Adresse: http://www.sprachforschung.org/ickler/index.php?show=news&id=815#8241

Sind ss-Fehler in der Schweiz selten? Weiß denn jemand, wie dort die korrekte s/ss-Schreibung vermittelt wird? Greift man dafür etwa auf Adelung-Texte zurück oder gibt es ganz andere, viel bessere Methoden?
 
 

Kommentar von Karin Pfeiffer-Stolz, verfaßt am 13.04.2007 um 12.10 Uhr  
Adresse: http://www.sprachforschung.org/ickler/index.php?show=news&id=815#8240

Genau das: die gepriesene "Logik" der neuen s-Schreibung ist eine Hemmschwelle, Herr Eversberg! Sie allein verhindert, daß man das Eszett zur Zeit abschafft. Aber auch darüber könnte sich unsere pseudointellektuelle Bildungselite nach einer Schamfrist ebenfalls hinwegsetzen. Natürlich hoffe ich es nicht, bin aber angesichts der Rücksichtslosigkeiten, mit der man Schöpfung und Tao vergewaltigt, realistisch.
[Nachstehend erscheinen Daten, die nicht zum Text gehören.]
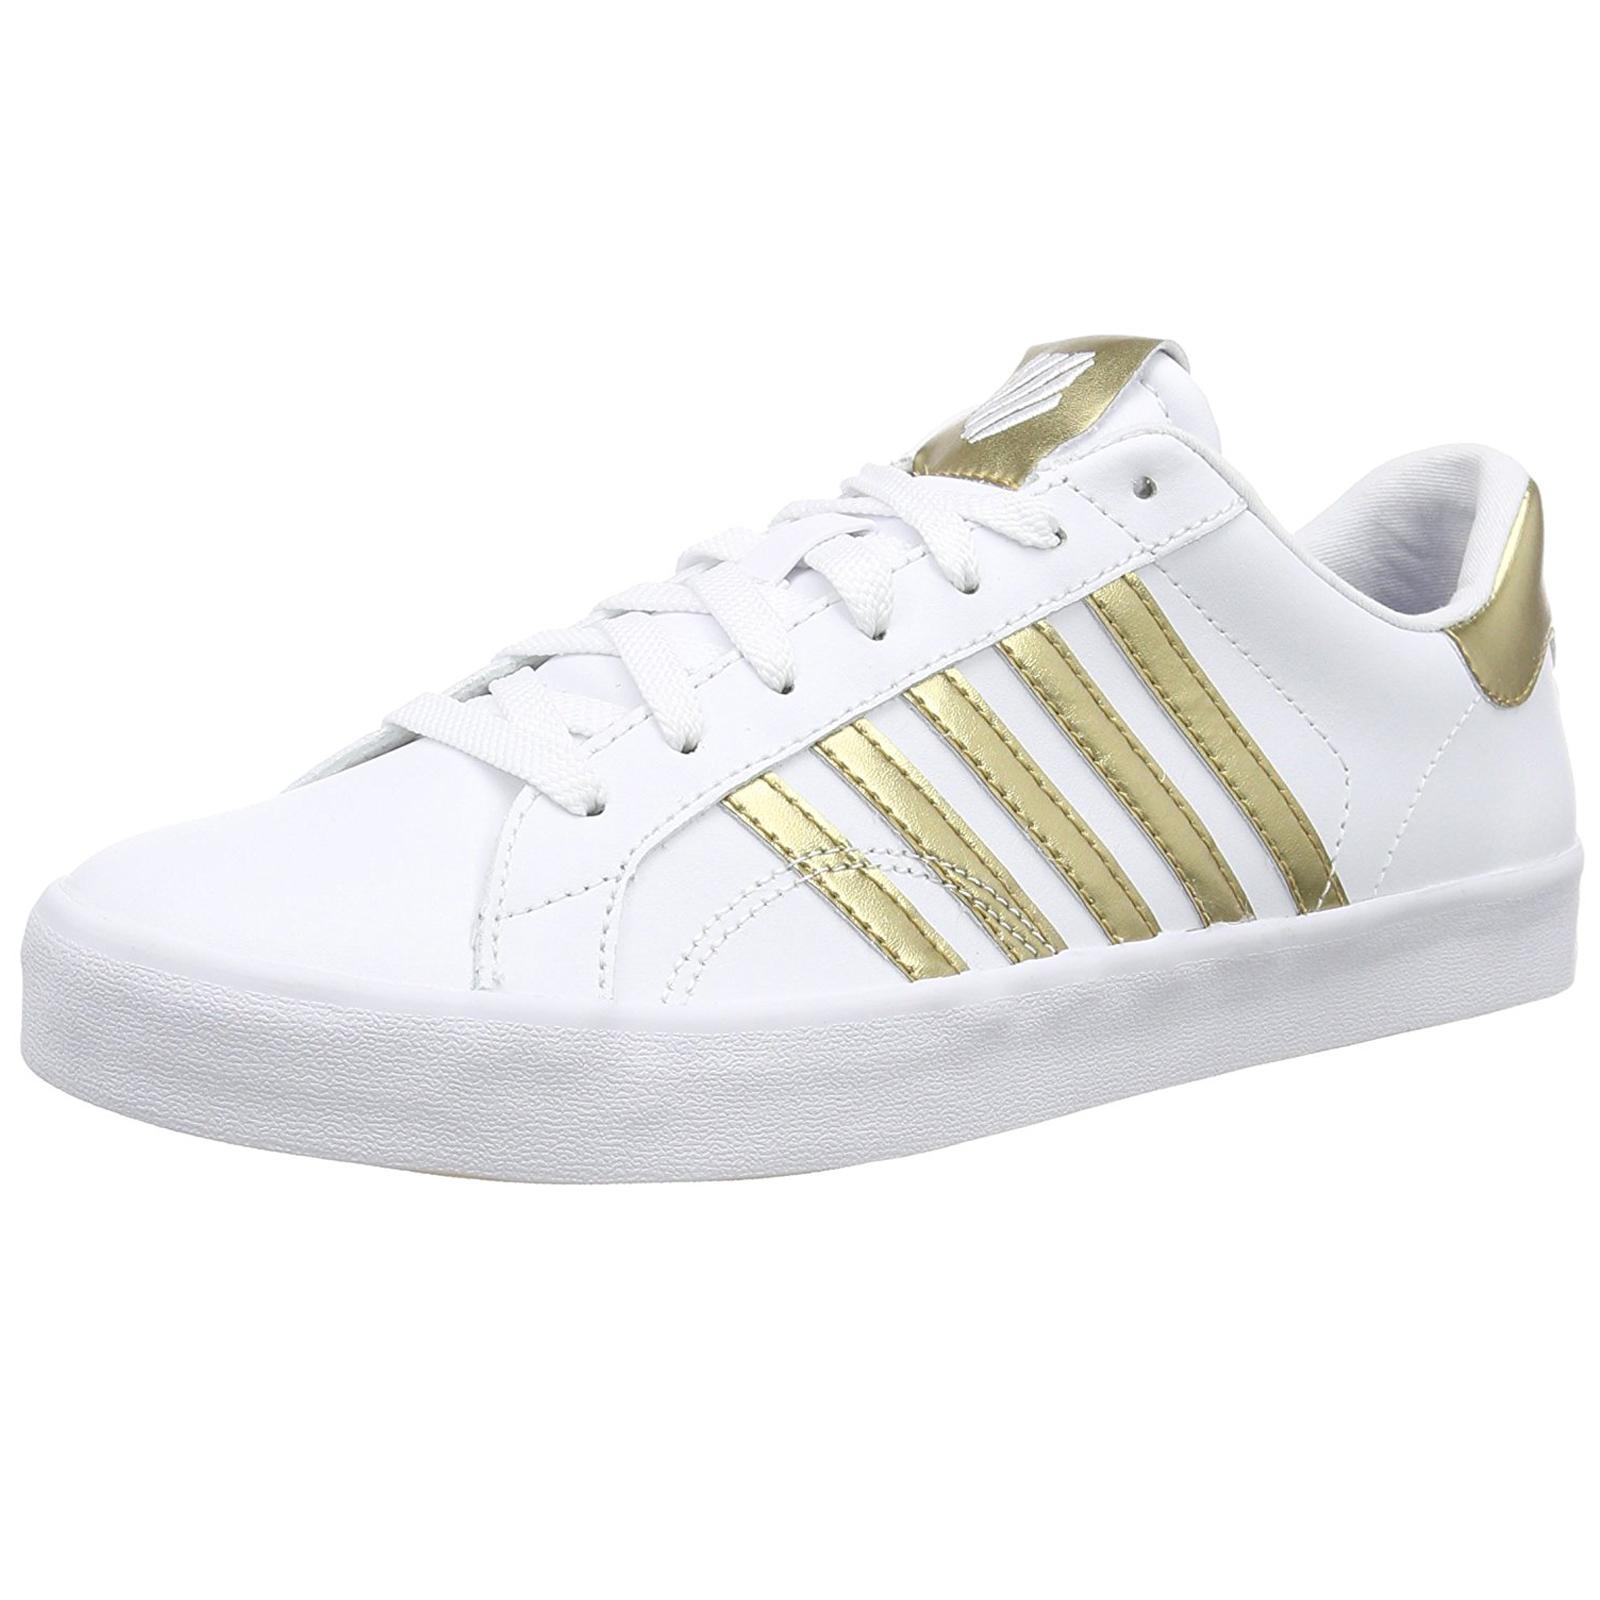 K-Swiss Mujer Belmont SO Designer Sports Trainer Ladies Ladies Trainer Iconic Five Stripe Zapatos f9a4c3

Denn, wie Sie richtig feststellen, ist mit der Abschaffung des Eszett die Hauptfehlerquelle nicht beseitigt. Im Moment zehren die Neuschreiber von der alten Regelung, die Reste des Sprachgefühls wirken noch fort. Ich habe einmal die Schweizer Schreibung eine "Schmarotzerschreibung" bezeichnet und bin auch heute noch dieser Meinung: Die das/dass-Schreibung funktioniert dort nur auf dem (unbewußten) Hintergrund des mitlaufenden Adelungschen Wortbild-Bandes.
 
 

Kommentar von Adelung, verfaßt am 13.04.2007 um 12.04 Uhr  
Adresse: http://www.sprachforschung.org/ickler/index.php?show=news&id=815#8239

@ Klaus Malorny:

>> Vielleicht folgen irgendwann nochmal intelligentere Generationen als
>> die, die uns den Unsinn gebracht haben, auch wenn ich jetzt noch
>> nichts davon sehe.

Unwahrscheinlich. Ich glaube kaum, daß in 40 Jahren die Deutschen, nachdem sie festgestellt haben werden, daß Heyse schwachsinnig ist, eine Schreibung wiedereinführen, die für sie seit uralten Zeiten verschwunden ist: Adelung. Es ist einfach nahe liegender, das ß gänzlich abzuschaffen.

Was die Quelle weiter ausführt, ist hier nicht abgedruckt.